2) He has always been a picky eater but in the past few days he does not seem interested in food AT ALL. In fact, the only way I could get him to eat was to hand feed him. He takes it that way but I still feel like I am forcing it on him. 

3) He is less interested in the treats and chewies he used to love. 

4) He is sleeping much more than usual, and seems tired all the time. 

Now with all of that being said, I should give a couple of caveats. It is VERY hot here in Texas and we have not been able to have as much outside time as he would like. Also, I have been home much more in the past week due to my summer schedule. Maybe I am just noticing it more because I am around more? When we have gone out, he perks right up and has a grand time. We went to Petsmart, Lowes, and Office Max on Monday and he was energetic and playful the whole time we were out. He also acts completely different (e.g., energetic and playful) when we go to grandma and grandpa's to play with his dog cousins (Lucy and Brandi). 

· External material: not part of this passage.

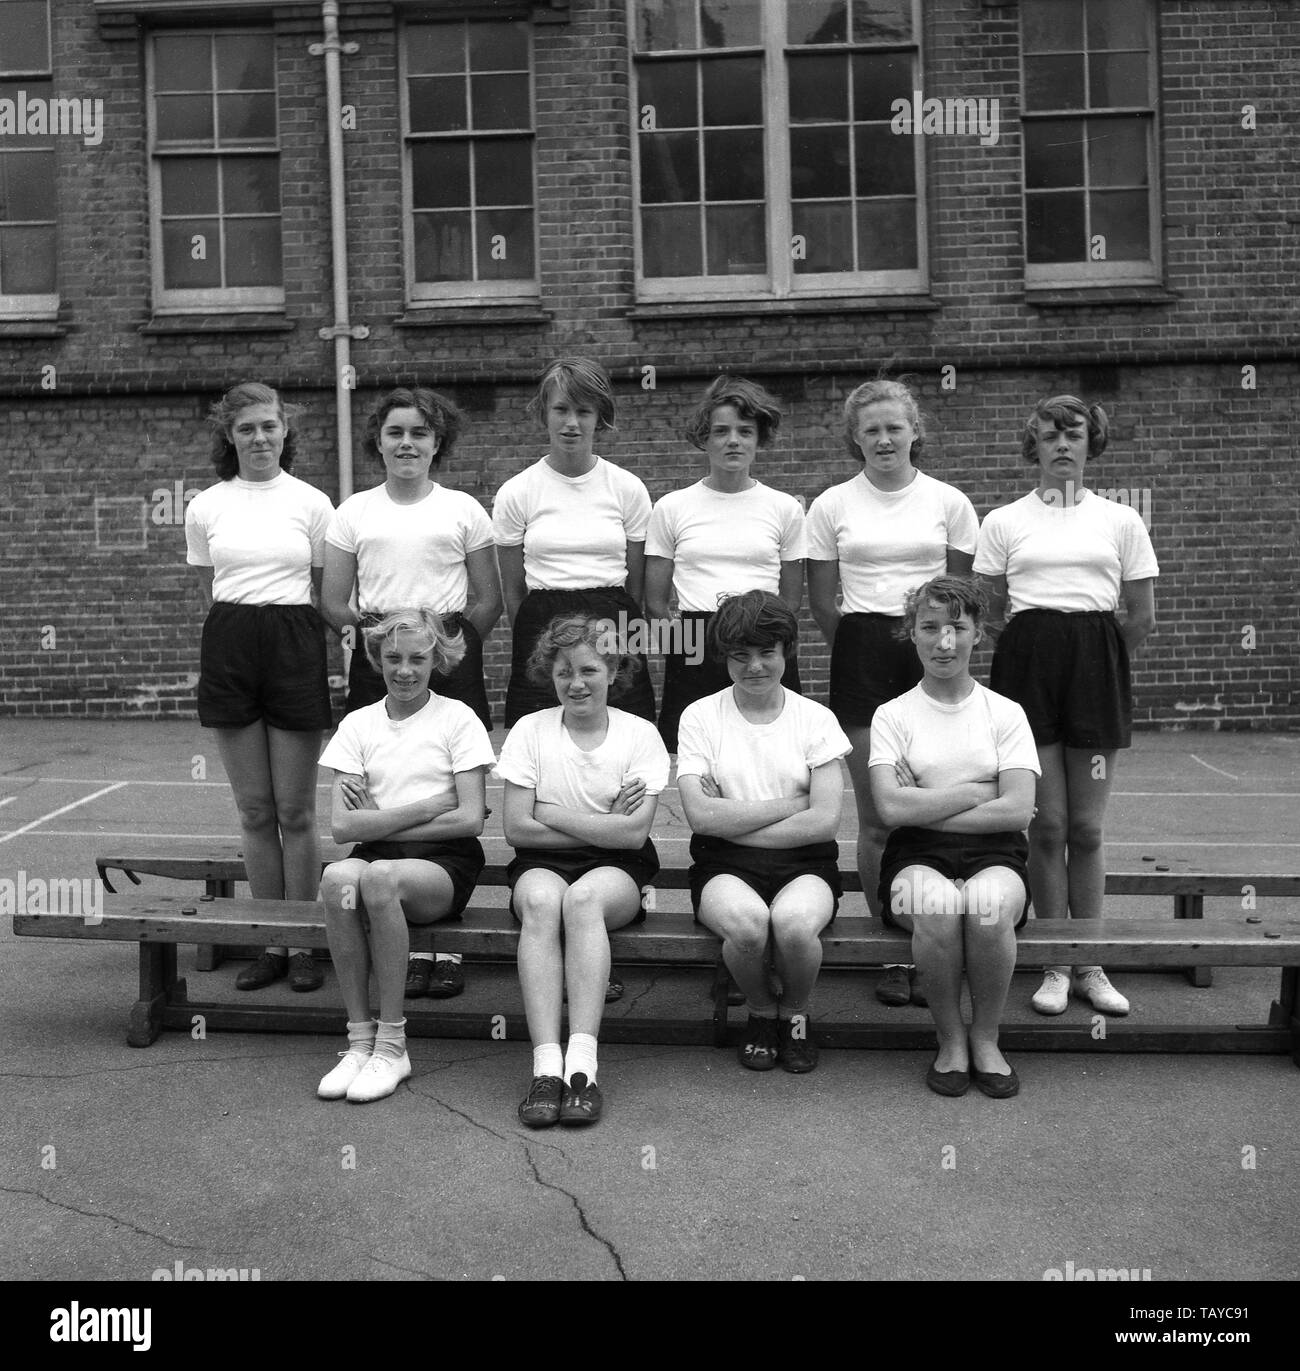 1950, historische, Teenager Sekundärschoolgirls für ein Bild in der PE-kit Posing - einfache weiße T-Shirt, schwarze Shorts und tragen plimsols, außerhalb ihrer innerstädtischen Schulgebäude, England, UK. Stockfoto

My questions: Is he just bored being inside an apartment all day? Is this normal as a puppy gets a little older? OR is he actually learning something from the obedience class we are currently in so he is just not acting as crazy as usual because I have been working with him to NOT nip and bite and to NOT bark at everything he hears? Thanks in advance!


----------



## Purple-peep (May 14, 2009)

Oh poor little guy!

I bet it's a combo of the heat and just being tuckered out.

My lazy lumps both sleep a ton during the day.B) 

They get up, potty, play and eat. After a few hours, they're ready for a nap.

I work part time outside the home and I know they sleep when I'm gone. When I get my keys out, they head off to their beds. No seperation anxiety at all. In fact, I think they can't wait for me to leave so they can hop back in bed.:HistericalSmiley:


----------



## revakb2 (Sep 8, 2006)

My two are now 5 and 7, so they don't play as much as they used to. Eight months old is still a puppy, so he should still be pretty active, but haven't the temperatures in your area been extremely high? The heat affects everyone including dogs. Hopefully that is all it is.


----------



## RudyRoo (Jun 24, 2011)

Yes, it is oppressively hot here. Average temp around 95 degrees. I know I get sleepy from the heat too. I hope that is all this is!


----------



## almitra (Apr 24, 2009)

Girl, I'm here in East TX...and we're at a rolling boil also.....mine don't even wanna go outside...LOL! And at the moment, they're taking naps...LOL again!


----------



## Peace23 (Nov 5, 2010)

I agree, Frankie hates going out in the heat. He also sleeps all day, even if I am home. He perks right up for his tried & true favorities: guests & food. I know your Rudy hasn't been as interested in his food but he just might not be as food motivated as others or has tired of his regular food.


----------



## Lacie's Mom (Oct 11, 2006)

As I was reading your post, the first thing that came to my mind was the heat. And then as I got further down in the post you confirmed how very hot it is in Houston right now.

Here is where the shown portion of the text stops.